Abidjan, 23 jan 2026 (AIP) – La Vice-Secrétaire générale des Nations Unies, Amina Mohammed, a mis en garde contre une « nostalgie dangereuse » qui menace aujourd’hui le multilatéralisme, appelant les États à protéger et défendre la Charte des Nations Unies, dans un discours prononcé le jeudi 22 janvier 2026 devant le Parlement danois.
Qualifiant la Charte de l’ONU de « boussole morale », Mme Mohammed a exhorté les pays à renouveler leur engagement en faveur d’un ordre international fondé sur des règles, reposant sur la solidarité, le droit international et la dignité humaine, avertissant que tout affaiblissement de ce socle pourrait avoir de lourdes conséquences.
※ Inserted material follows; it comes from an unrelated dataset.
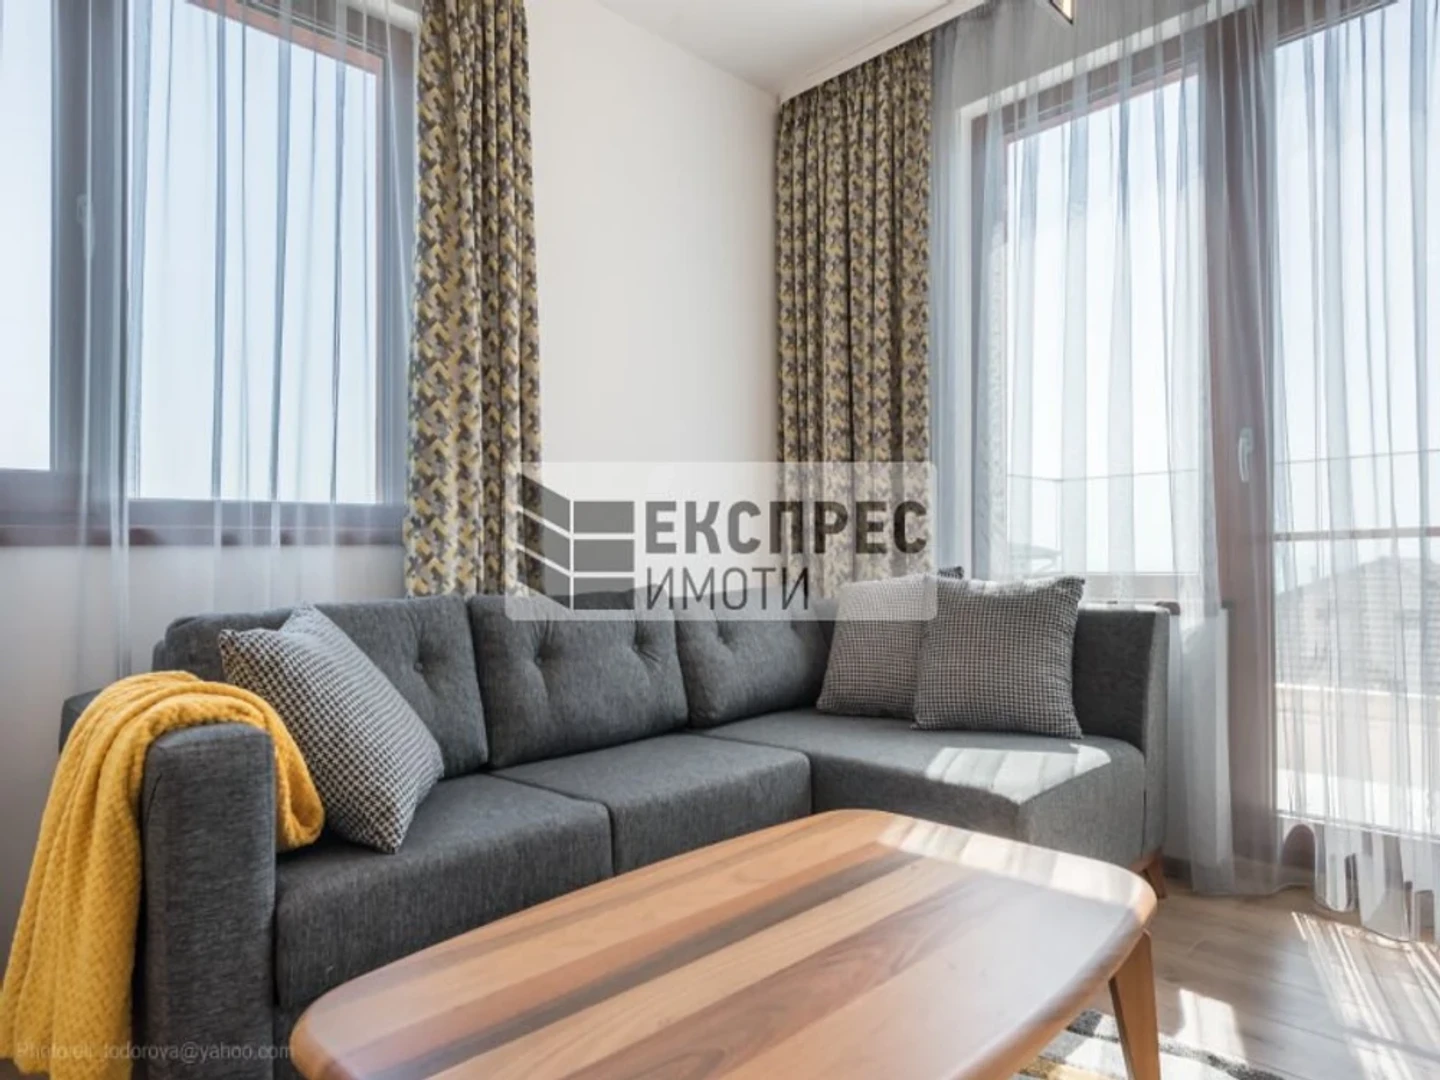 Apartamento moderno e brilhante em Varna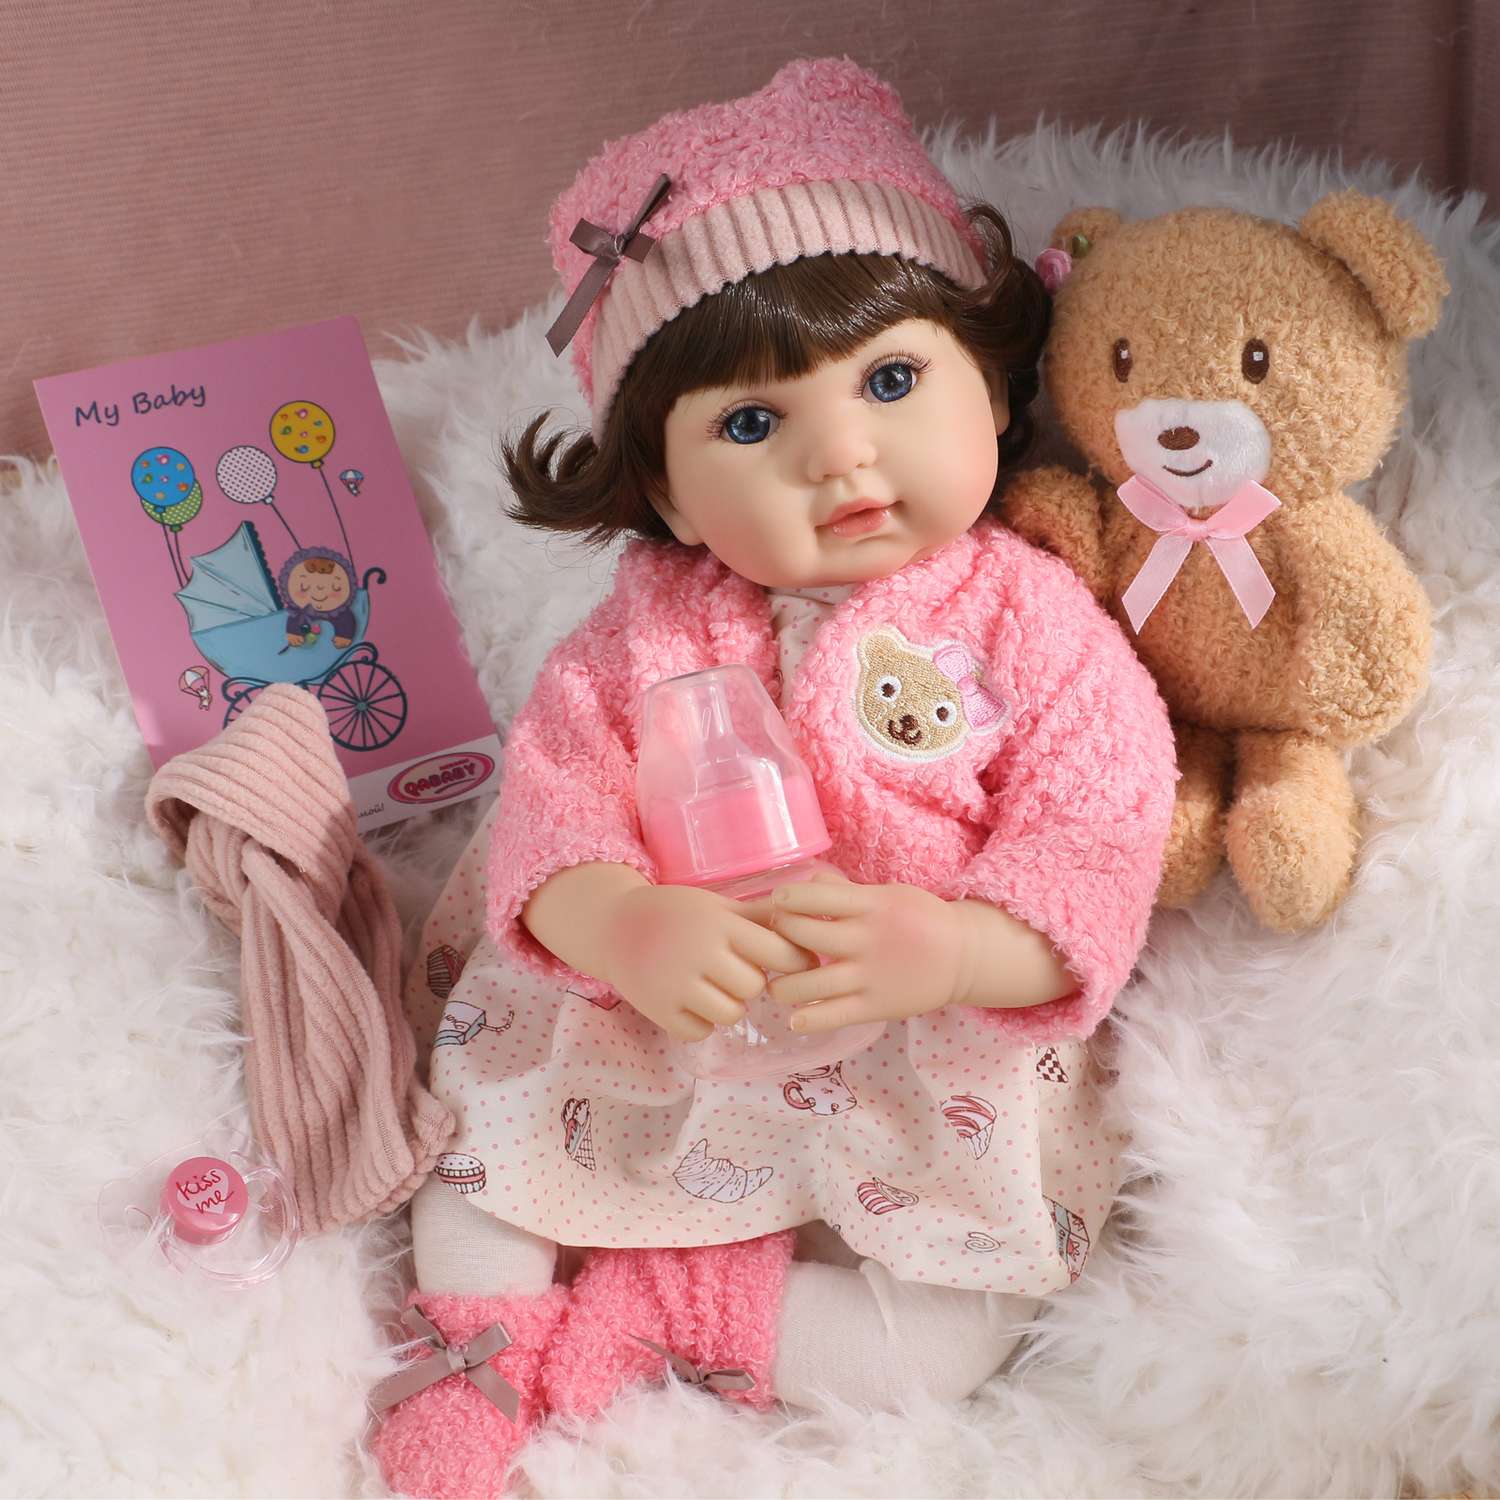 Кукла Реборн QA BABY Василиса девочка большая пупс набор игрушки для девочки 42 см 45006 - фото 1

Elle a souligné la nécessité d’investir dans la paix, citant notamment les résolutions du Conseil de sécurité et de l’Assemblée générale en faveur de la souveraineté et de l’intégrité territoriale de l’Ukraine, ainsi que celles soutenant la solution à deux États entre Israéliens et Palestiniens.
Évoquant une interprétation variable de l’État de droit selon les intérêts des grandes puissances, Mme Mohammed a rappelé les propos du Secrétaire général de l’ONU, António Guterres, selon lesquels la Charte « n’est pas un menu à la carte » et engage tous les États sans exception. Selon elle, ce sont désormais les petits pays qui défendent le plus fermement la Charte, conscients que « si les règles ne protègent pas les plus vulnérables, elles ne protègent personne ».
« Soit vous défendez un ordre fondé sur des règles, soit vous en payez le prix. Hier, le prix a été le Venezuela, demain ce pourrait être le Groenland », a-t-elle averti.
Abordant la question du développement durable, la numéro deux de l’ONU a alerté sur les effets des tensions géopolitiques et des guerres commerciales, qui compromettent les progrès réalisés dans la lutte contre la pauvreté, la réduction de la mortalité infantile et maternelle, ainsi que l’accès des filles à l’éducation. Elle a également déploré un recul mondial des droits des femmes et des filles.
Mme Mohammed a relevé le déséquilibre entre les dépenses militaires mondiales, qui ont atteint un niveau record de 2 700 milliards de dollars, et le déficit annuel estimé à 4 200 milliards de dollars pour financer les besoins fondamentaux du développement.
Critiquant la concentration croissante des richesses, elle a indiqué que la richesse des milliardaires a augmenté de 2 000 milliards de dollars l’an dernier, tandis que la moitié la plus pauvre de l’humanité ne détient que 2 % de la richesse mondiale.
Enfin, la Vice-Secrétaire générale a plaidé pour une réforme en profondeur de l’ONU, afin de préserver le multilatéralisme. Elle a cité l’initiative ONU80, destinée à rendre l’organisation plus efficace face à la baisse des ressources et à l’augmentation des besoins sur le terrain, appelant les États, dont le Danemark, à s’engager en faveur d’une ONU réformée, capable de tenir les promesses de la Charte et de répondre aux réalités actuelles.